Lately many scholars pay particular attention to probit models considering different facets of this issue. Though this model was introduced quite recently, in 1980s, many works, estimating it from different angles, exist. In spite of numerous researches of the probit model many scholars contribute to its further considering, bringing about new issues in this connection.
For instance, Wooldridge (2009) suggests that probit model can be helpful in evaluating the impact of “certain policies in the context of a natural experiment”, concluding that such models can be used with panel data (Wooldridge, 2009, p. 587). He uses the standard approaches in considering this model, enwidening the understanding of the notion and suggesting possible areas to implement the probit model.
Ai and Norton (2003) argue that standard study of probit models is to be further considered, since there exist a lot of errors in this field; they also present “the correct way to estimate the magnitude” of the “interaction effect” in probit models (Ai and Norton, 2003, p.123). Their work provides thorough analysis of the existing model estimations, highlighting major discrepancies, and, finally, suggest their calculations in this connection.
Smith and LeSage (2004) suggest the spatial dependency of probit models with individuals in different locations. It is necessary to mention that though there many other works dedicated to the probit model and its spatial dependency, this comprehensive work can be regarded as good basis for the latter works. Kim et al. (2003) consider “a multinomial” probit model in terms of choice of work trip means they apply the Bayesian approach, estimating different ways with reference to travel cost and the time value (Kim et al., 2003, p.353).
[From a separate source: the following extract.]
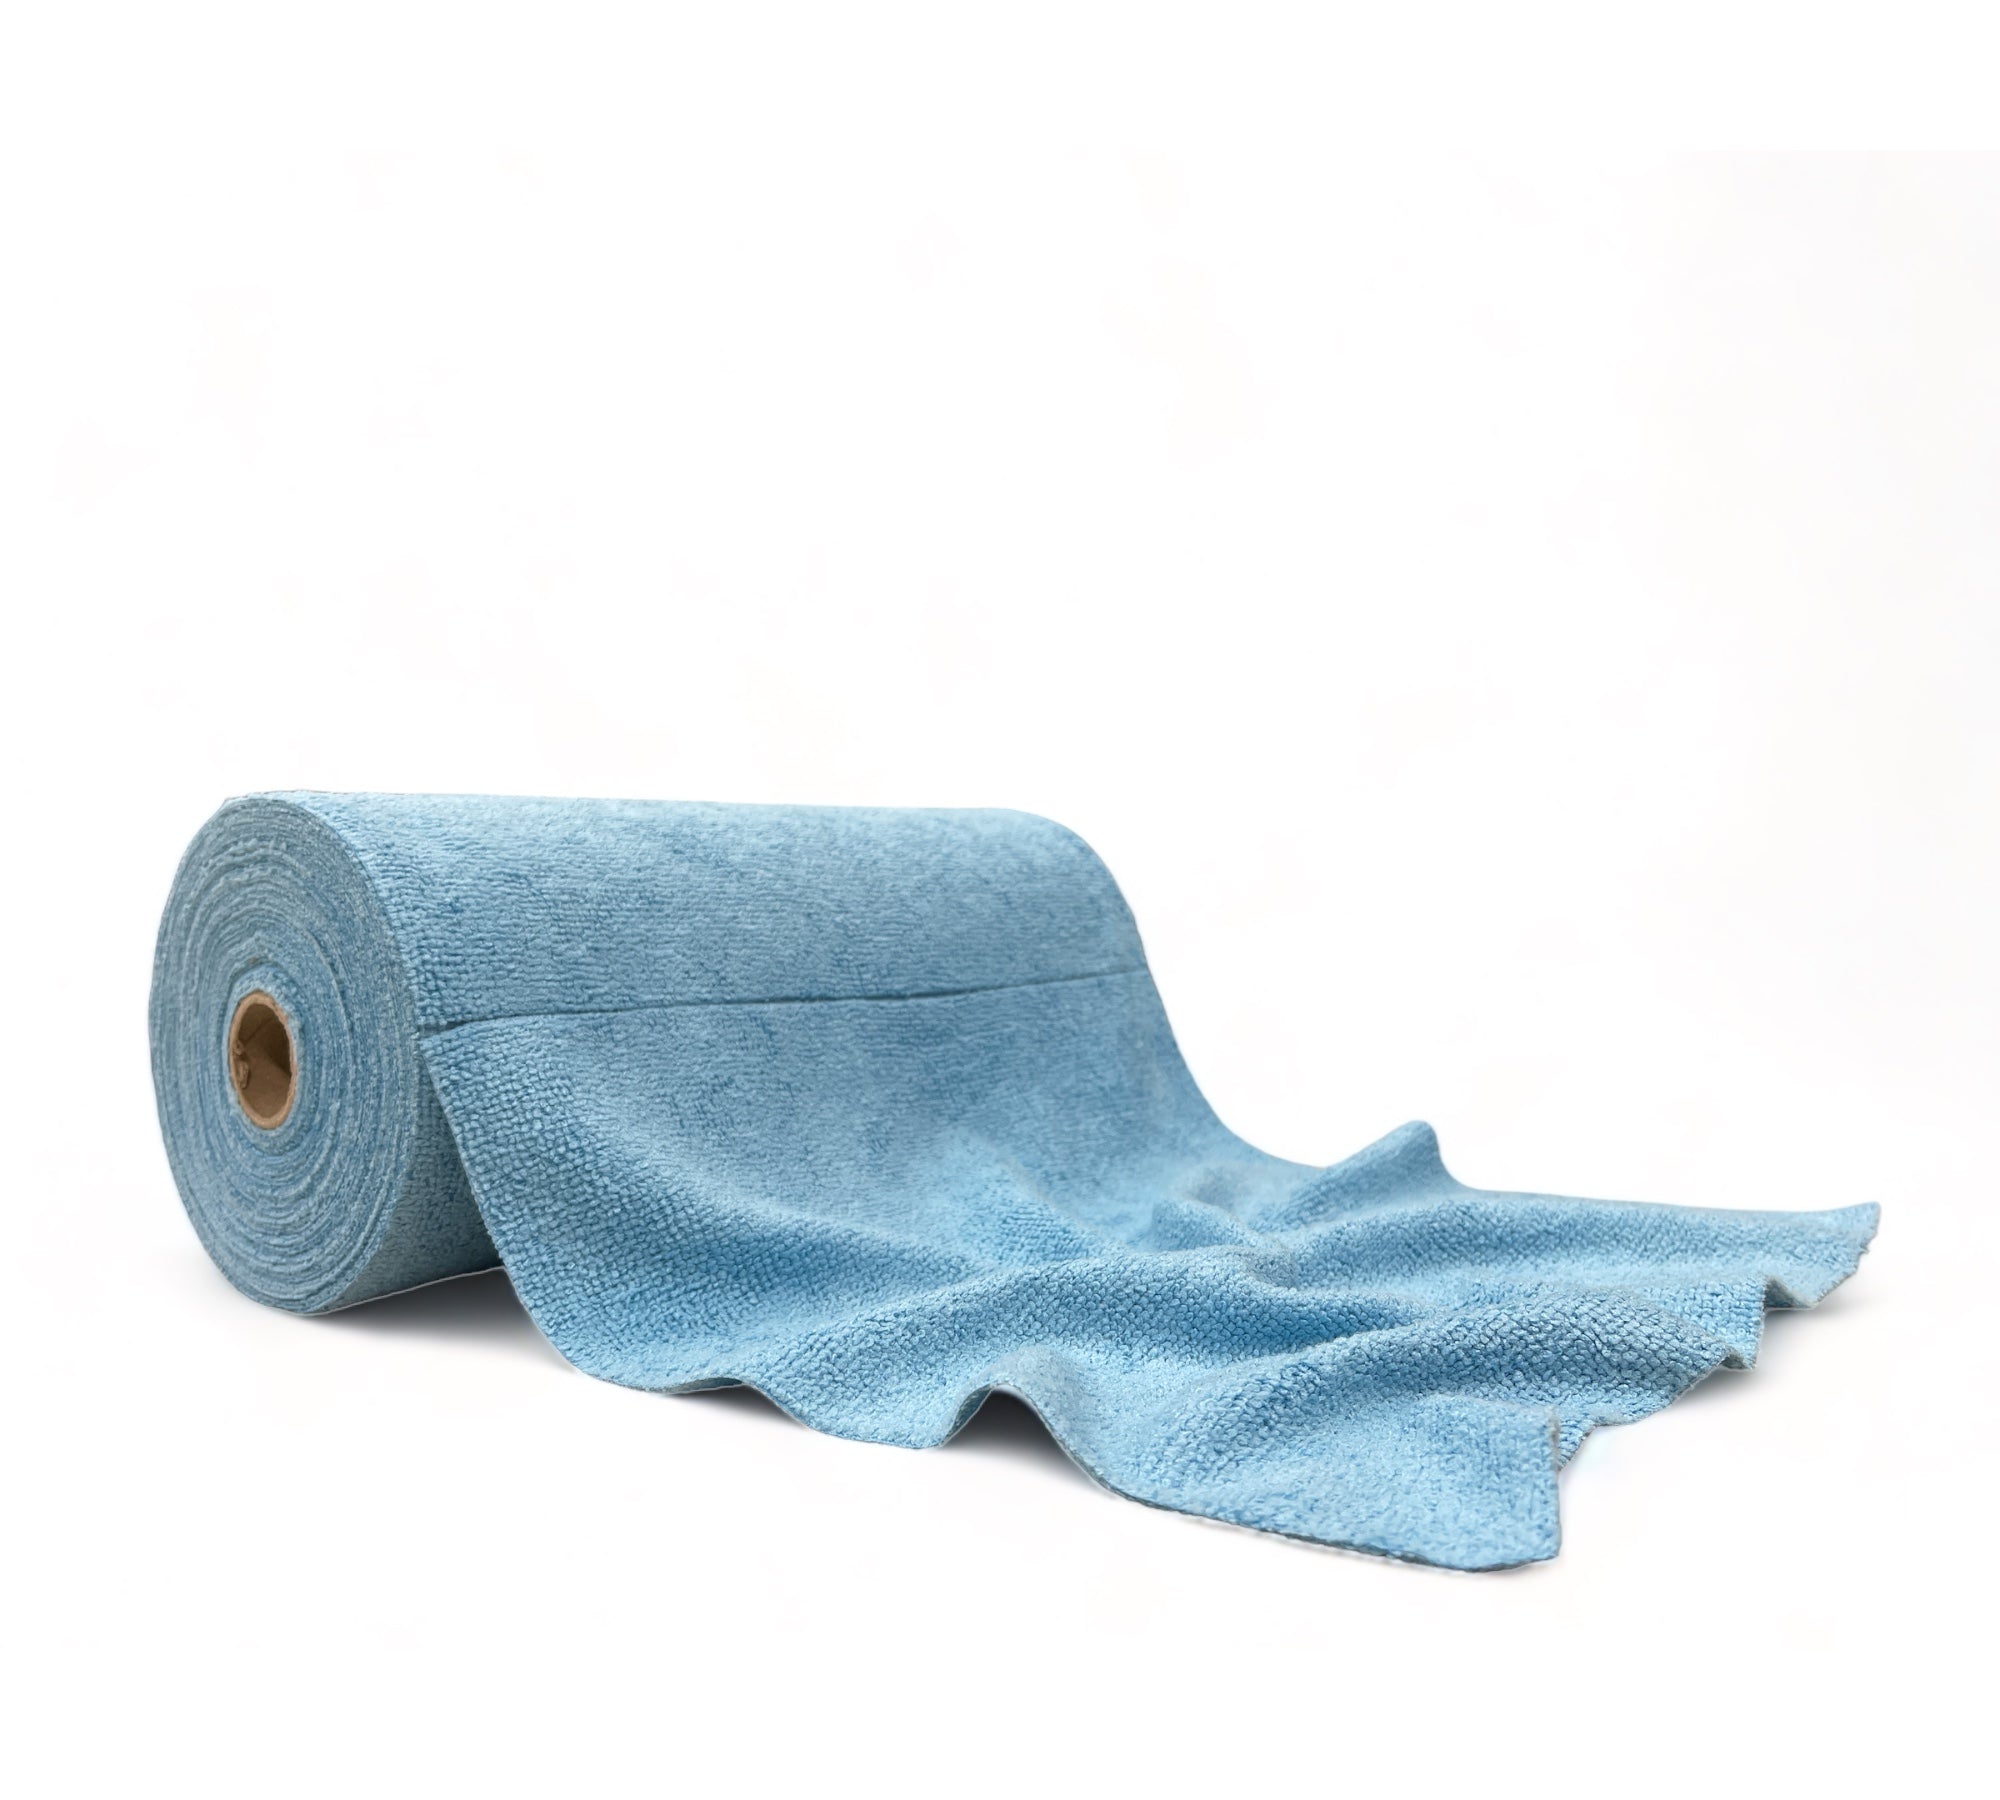 Roll of blue microfiber towels against a white backdrop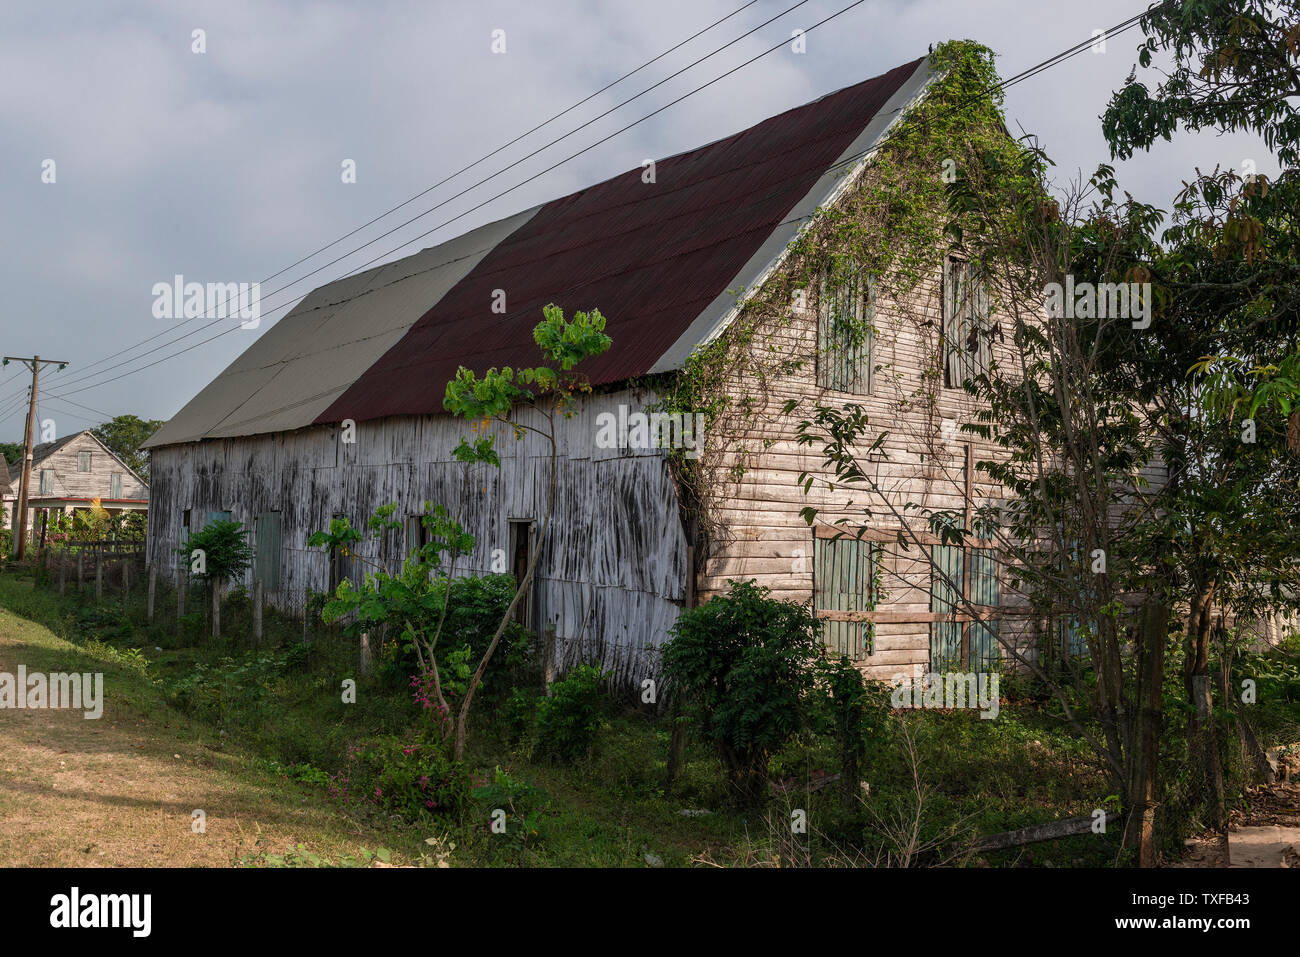 Tobacco drying shed  in the rural village of San Juan y Martinez, Pinar del Rio Province, Cuba Stock Photo

The survey resulted in the conclusion that travelers are likely to account on time rather than cost; and that auto costs rising is likely to enhance the use of buses more than the use of subways. Thus, in this research probit model is applied to the economic issues in transport, and contributes to the improving of the transport related economic studies. Brooks (2008) considers the relevance of probit models, and suggests the best implications of this model, comparing them to logit models and other nonlinear models. It is necessary to stress that this model can be used not only in economics but can be applied to other areas of life.
For instance, Geweke et al.(2003) suggest to apply a Bayesian approach to the considering the mortality in terms of non-stochastic selection of patients and hospitals. That research is highly valuable in terms of assessing quality of hospitals and discharge databases of patients. Thus, the researchers made a very significant conclusion that “ignoring nonrandom admission would lead to invalid inference on quality” (Geweke et al., 2003, p.1237). The survey uses the latest methods, like probit models, to estimate medicine quality, which proves the universal implementation of the model.
Thus, it is necessary to point out that probit model is being considered from different angles and applied to different areas of social life. Especially in the present times it is highly researched in terms of its nonlinear structure, and multiplicity of its effects. Many scholars pay a lot of attention to estimating this model, using different methods and approaches. Nevertheless, the probit model still needs further investigations, in order to obtain better understanding of possible ways of its implementation.
Reference
Ai, C., Norton, E.C. (2003). Interaction terms in logit and probit models. Economics Letters. 80 (1) p. 123-129.
Brooks, C. (2008). Introductory econometrics for finance. Cambridge: Cambridge University Press.
Geweke J, Gowrisankaran G, Town RJ. (2003). Bayesian Inference for Hospital Quality in a Selection Model. Econometrica (71) p. 1215-1238.
Kim, Y., Kim, T.Y., Heo, E. (2003). Bayesian estimation of multinomial probit models of work trip choice. Transportation. 30 (3) p. 351-365.
Smith, T. E. and J. P. LeSage. (2004). “A Bayesian Probit Model with Spatial Dependencies,” in James P. LeSage and R. Kelley Pace (eds.), Advances in Econometrics: Volume 18: Spatial and Spatiotemporal Econometrics, Elsevier Science. p.127–160.
Wooldridge, J.M. (2009). Introductory econometrics: a modern approach. Mason, OH: Cengage Learning.